:: Stored data

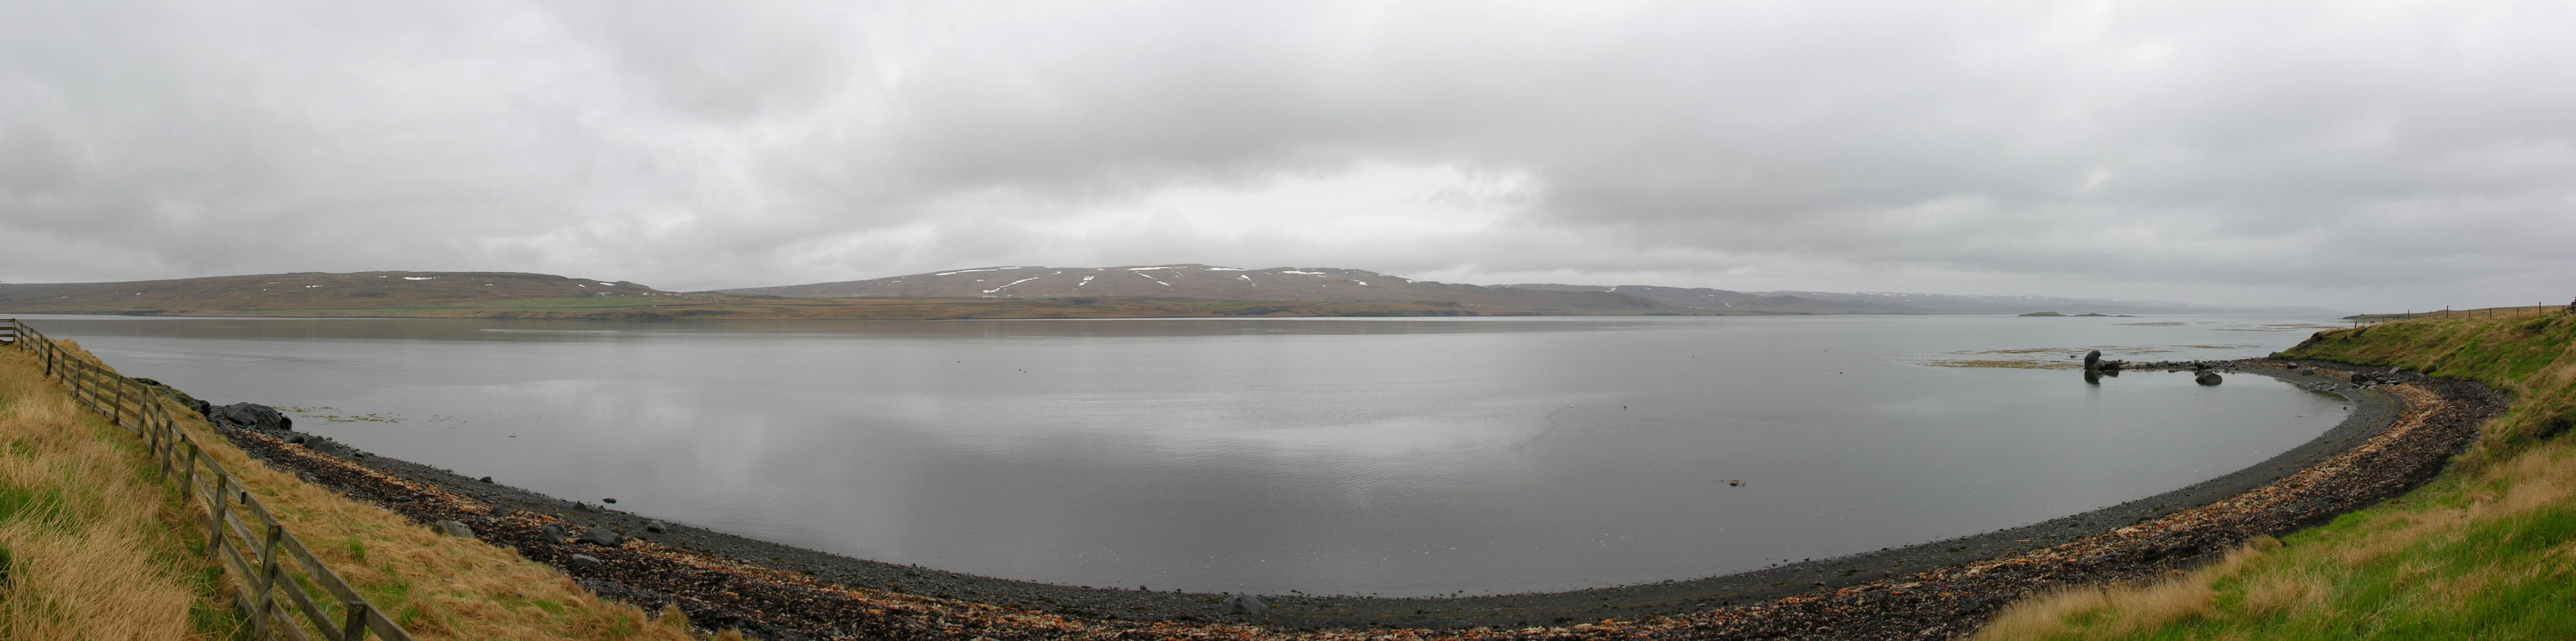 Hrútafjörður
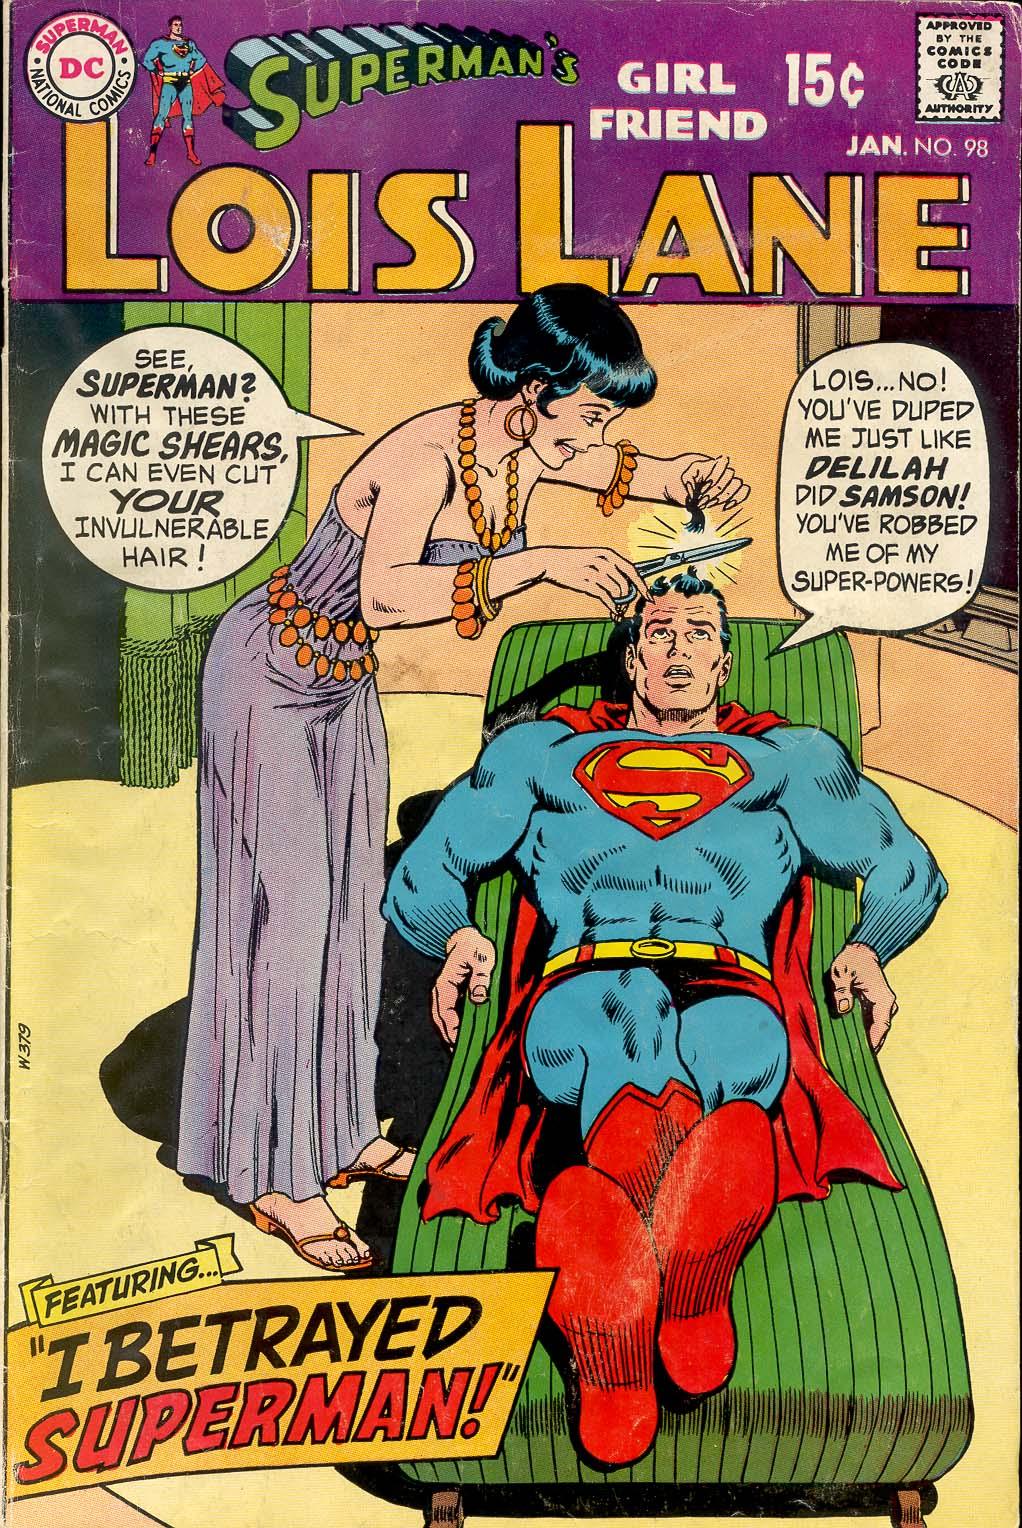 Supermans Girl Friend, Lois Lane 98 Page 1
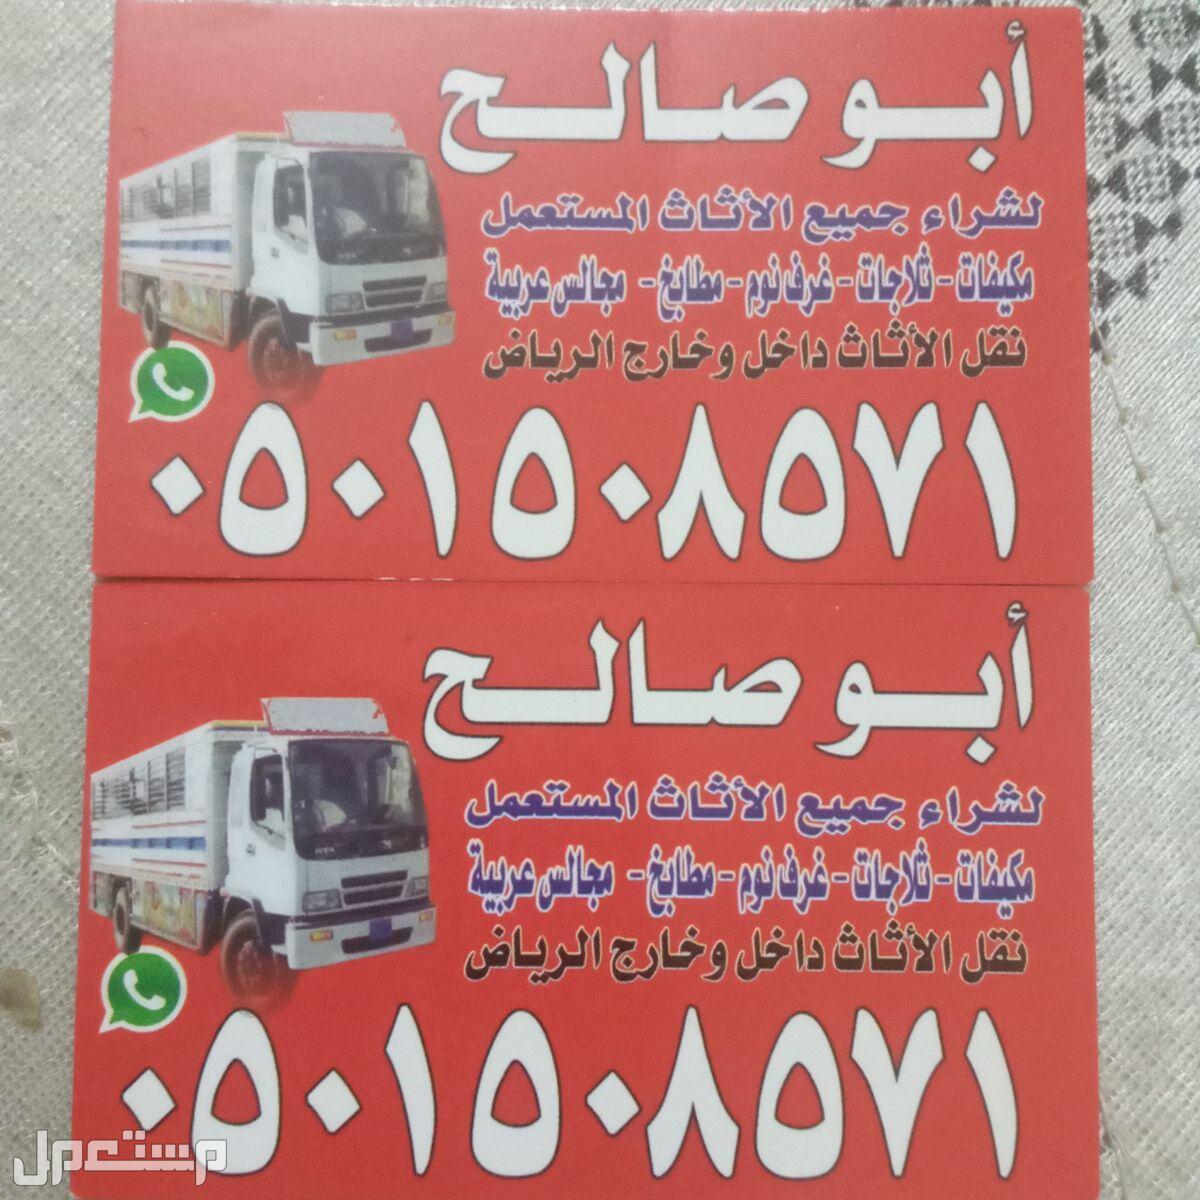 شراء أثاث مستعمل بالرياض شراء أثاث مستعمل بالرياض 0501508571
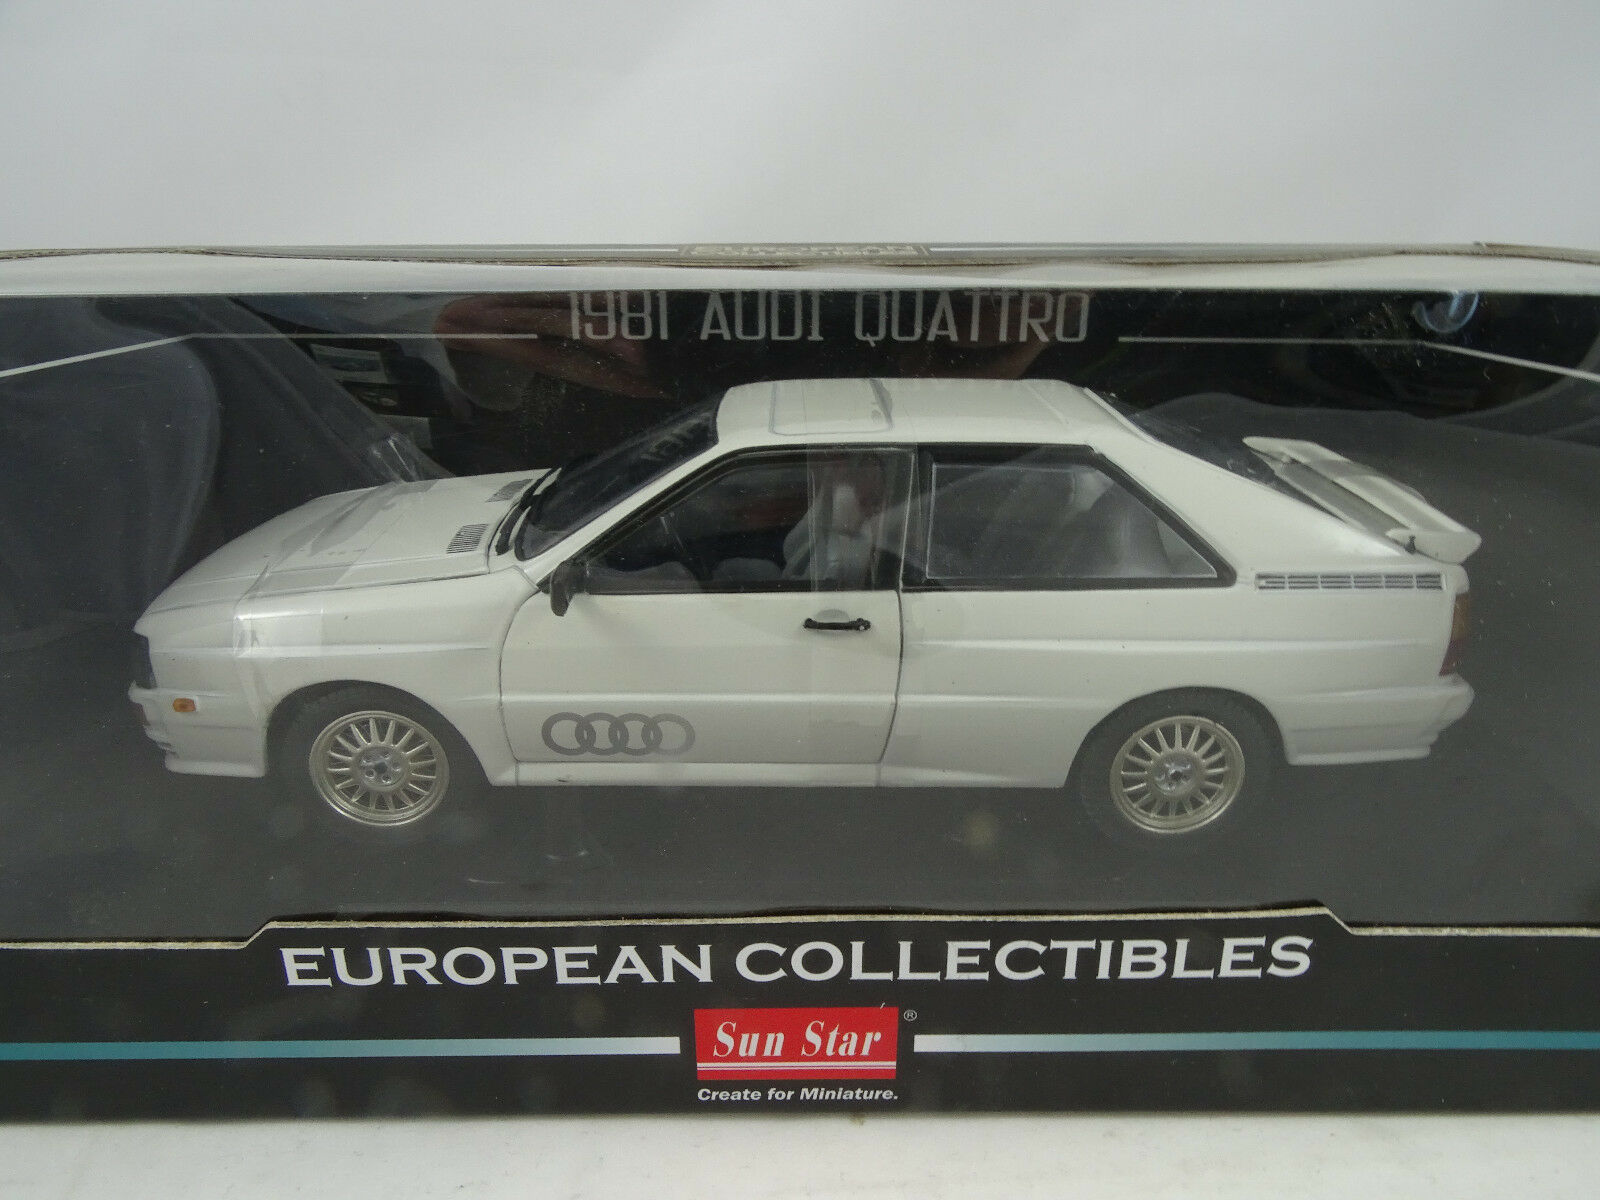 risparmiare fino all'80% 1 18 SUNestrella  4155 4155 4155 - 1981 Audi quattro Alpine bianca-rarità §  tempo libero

::::

Instructions to follow: Repeat the material exactly, without images.

Exercise answer:
 Hrútafjörður
 Supermans Girl Friend, Lois Lane 98 Page 1
 شراء أثاث مستعمل بالرياض شراء أثاث مستعمل بالرياض 0501508571
 risparmiare fino all'80% 1 18 SUNestrella  4155 4155 4155 - 1981 Audi quattro Alpine bianca-rarità §  tempo libero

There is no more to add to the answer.